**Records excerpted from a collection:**

▽

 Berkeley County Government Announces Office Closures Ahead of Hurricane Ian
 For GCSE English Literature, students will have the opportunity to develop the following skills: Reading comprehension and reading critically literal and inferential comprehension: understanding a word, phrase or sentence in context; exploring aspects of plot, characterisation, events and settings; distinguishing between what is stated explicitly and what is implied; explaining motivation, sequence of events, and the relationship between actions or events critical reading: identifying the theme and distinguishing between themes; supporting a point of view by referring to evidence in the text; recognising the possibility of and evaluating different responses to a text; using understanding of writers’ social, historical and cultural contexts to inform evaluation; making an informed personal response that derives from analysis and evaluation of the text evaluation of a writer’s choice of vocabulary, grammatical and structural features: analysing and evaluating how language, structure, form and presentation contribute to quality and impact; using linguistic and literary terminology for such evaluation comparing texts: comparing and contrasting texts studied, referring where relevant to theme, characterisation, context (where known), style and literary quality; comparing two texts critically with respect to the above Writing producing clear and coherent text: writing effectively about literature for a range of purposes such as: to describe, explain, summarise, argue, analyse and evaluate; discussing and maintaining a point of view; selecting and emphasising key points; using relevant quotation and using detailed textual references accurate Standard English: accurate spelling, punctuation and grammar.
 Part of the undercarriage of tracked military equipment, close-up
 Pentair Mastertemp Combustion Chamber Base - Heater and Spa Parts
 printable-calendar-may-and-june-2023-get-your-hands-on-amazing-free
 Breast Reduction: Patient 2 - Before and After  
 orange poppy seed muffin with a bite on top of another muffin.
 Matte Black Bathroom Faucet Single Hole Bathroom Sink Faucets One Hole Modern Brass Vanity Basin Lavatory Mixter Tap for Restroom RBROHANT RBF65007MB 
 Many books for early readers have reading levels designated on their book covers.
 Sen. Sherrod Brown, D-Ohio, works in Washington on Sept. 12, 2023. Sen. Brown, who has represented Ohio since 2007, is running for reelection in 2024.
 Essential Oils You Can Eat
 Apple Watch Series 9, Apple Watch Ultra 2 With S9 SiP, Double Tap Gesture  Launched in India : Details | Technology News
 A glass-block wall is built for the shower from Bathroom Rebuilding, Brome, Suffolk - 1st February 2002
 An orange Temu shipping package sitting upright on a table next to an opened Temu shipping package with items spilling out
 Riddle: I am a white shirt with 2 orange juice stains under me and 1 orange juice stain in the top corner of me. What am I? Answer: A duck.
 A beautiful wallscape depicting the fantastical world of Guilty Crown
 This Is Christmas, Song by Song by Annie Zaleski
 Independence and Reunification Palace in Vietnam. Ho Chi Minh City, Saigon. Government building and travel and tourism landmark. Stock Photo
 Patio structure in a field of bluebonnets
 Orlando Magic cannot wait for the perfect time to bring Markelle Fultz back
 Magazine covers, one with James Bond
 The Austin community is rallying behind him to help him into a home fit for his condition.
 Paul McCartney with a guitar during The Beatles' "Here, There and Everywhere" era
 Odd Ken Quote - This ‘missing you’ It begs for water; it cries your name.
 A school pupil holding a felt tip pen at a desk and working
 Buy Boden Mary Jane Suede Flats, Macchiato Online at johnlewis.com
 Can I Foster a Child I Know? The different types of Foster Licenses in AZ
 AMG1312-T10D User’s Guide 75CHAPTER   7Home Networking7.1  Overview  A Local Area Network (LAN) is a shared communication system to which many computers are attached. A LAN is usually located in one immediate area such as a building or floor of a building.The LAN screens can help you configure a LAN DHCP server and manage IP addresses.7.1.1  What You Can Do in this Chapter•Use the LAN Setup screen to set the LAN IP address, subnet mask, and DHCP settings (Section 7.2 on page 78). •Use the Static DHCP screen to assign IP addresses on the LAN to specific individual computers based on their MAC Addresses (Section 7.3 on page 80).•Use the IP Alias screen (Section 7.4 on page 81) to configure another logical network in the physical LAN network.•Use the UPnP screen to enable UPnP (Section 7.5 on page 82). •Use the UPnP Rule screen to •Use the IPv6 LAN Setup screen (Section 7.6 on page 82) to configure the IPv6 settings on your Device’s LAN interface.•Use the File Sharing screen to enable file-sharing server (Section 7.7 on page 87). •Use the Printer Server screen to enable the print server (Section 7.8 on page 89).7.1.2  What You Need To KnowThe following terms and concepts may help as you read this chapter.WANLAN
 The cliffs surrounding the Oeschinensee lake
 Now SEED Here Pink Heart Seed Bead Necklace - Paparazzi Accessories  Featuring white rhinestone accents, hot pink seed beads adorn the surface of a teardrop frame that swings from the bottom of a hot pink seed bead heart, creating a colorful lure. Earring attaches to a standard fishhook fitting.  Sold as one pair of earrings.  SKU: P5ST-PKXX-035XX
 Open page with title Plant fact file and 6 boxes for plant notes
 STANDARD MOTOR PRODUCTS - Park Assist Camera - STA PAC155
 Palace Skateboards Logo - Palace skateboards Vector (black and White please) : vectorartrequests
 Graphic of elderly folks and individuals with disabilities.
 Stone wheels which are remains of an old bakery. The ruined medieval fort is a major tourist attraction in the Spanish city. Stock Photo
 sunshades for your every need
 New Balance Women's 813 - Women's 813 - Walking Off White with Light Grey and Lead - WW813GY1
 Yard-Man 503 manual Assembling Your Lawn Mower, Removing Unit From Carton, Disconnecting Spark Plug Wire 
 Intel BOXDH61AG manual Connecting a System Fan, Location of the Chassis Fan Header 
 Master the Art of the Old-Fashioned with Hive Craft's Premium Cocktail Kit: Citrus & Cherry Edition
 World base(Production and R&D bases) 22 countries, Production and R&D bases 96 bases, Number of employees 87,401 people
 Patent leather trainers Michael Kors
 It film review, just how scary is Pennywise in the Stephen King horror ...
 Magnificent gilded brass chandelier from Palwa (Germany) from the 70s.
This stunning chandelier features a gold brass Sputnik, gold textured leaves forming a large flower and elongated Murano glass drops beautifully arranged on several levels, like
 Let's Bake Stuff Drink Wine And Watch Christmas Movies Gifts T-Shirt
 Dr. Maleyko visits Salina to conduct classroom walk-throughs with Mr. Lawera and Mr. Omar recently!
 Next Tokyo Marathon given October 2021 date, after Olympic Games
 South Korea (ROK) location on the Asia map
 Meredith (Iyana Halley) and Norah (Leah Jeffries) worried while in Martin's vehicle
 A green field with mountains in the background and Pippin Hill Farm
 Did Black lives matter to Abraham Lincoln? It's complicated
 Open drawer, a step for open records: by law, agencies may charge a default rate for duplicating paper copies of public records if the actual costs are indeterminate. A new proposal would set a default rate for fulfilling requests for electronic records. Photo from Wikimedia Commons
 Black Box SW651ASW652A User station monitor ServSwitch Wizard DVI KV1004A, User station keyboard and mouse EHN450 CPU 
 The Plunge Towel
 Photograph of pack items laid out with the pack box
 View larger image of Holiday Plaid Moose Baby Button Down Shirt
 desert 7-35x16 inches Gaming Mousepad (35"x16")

△

**THE TASK:** Pull together all lines from the data that mention the word "glass".

**YOUR RESPONSE:**
 A glass-block wall is built for the shower from Bathroom Rebuilding, Brome, Suffolk - 1st February 2002
This stunning chandelier features a gold brass Sputnik, gold textured leaves forming a large flower and elongated Murano glass drops beautifully arranged on several levels, like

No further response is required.